Он мог одинаково превосходно и с энтузиазмом говорить и «за» и «против» одного и того же, мог приводить в исполнение разные замыслы, часто противоположные друг другу. Казалось, два человека жили в нем рядом.
При необычайной изворотливости Муравьева он не становился в тупик, когда одно его действие явно противоречило другому. В таких случаях он решительно принимал сторону правительства не только из страха перед властью, ради собственной безопасности и интересов карьеры, но еще и потому, что полагал все действия правительства по-своему тоже способствующими развитию, только более отдаленному, замедленному. Он также говорил громко, что возбуждать страх в народе полезно, так как это приучает к труду и к повиновению.
Наутро он изругал одного из старых чиновников, седого низкорослого забайкальца Михрютина, который служил всю жизнь верой и правдой и выбился в чиновники из «простых».
— Упеку в Нерчинск! Сгною! Мол-чать! — рявкнул на него Муравьев.
Михрютин не первый раз в жизни получал «распеканцию». Но, услыхавши, что новый губернатор хочет упечь его в Нерчинск, он вдруг не выдержал. «Кто? — подумал он. — Муравьев? Ах ты…»
Михрютин затрясся, побледнел и, сжавши кулаки, выкрикнул исступленно:
— Нет! Нет, ваше превосходительство! — Слезы выступили у него на глазах. — Михрютины в Нерчинске не бывали! Муравьевы бывали, а Михрютины не были.
Губернатор опешил. Действительно, родственники его — Муравьевы — были сосланы в Нерчинск по делу декабристов [66]. С тех пор говорили, что государь не любил фамилию Муравьевых. Ответить нечего, и у губернатора, казалось, отнялся язык. Он проглотил тяжкое оскорбление. А Михрютин, ни слова не говоря и не выказывая губернатору никакого уважения и не извиняясь, резко повернулся, вышел из кабинета, не одеваясь, сбежал по лестнице, выбежал на мороз и пустился бегом на Ангару, без шапки, в одном мундире, выхватил шпагу, сломал ее у проруби о свое колено, утопил, пустив под лед, скинул мундир и сам хотел нырнуть туда же, но тут его схватили офицеры и солдаты, посланные вслед губернатором.

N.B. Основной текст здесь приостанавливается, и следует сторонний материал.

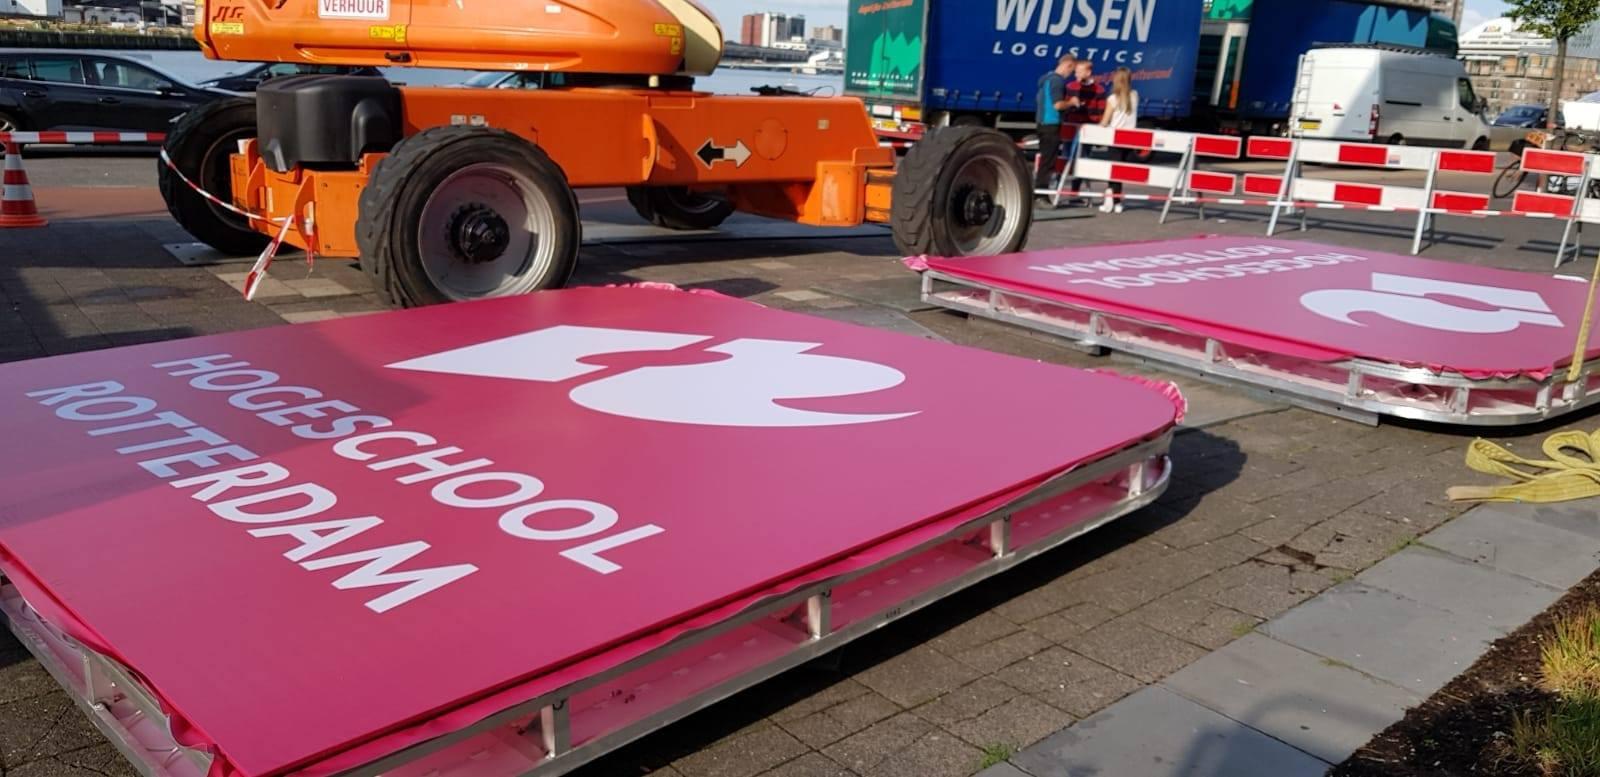 Koningin Maxima – Hogeschool Rotterdam – Korteland Reclame - gevelreclame - logo roze liggend

Михрютин бился, не хотел возвращаться, но его утащили насильно. Так никто и не узнал, что произошло, почему человек хотел топиться. Муравьев никому не сказал ни слова и никаким наказаниям Михрютина не подверг.
Губернатор был человеком смелым, реальных опасностей не боялся. Тут же все было неясно. Он всю жизнь прожил при деспотизме, страшась тайн, доносов, воображая, что за ним тоже следят, пугаясь мести и расплаты каждый раз, когда осмеливался на какой-нибудь неосторожный шаг. Из-за этого часто приходилось отказываться от многого. Так и сейчас из-за этого больного страха он согласен был отказаться от чего угодно, от любого открытия.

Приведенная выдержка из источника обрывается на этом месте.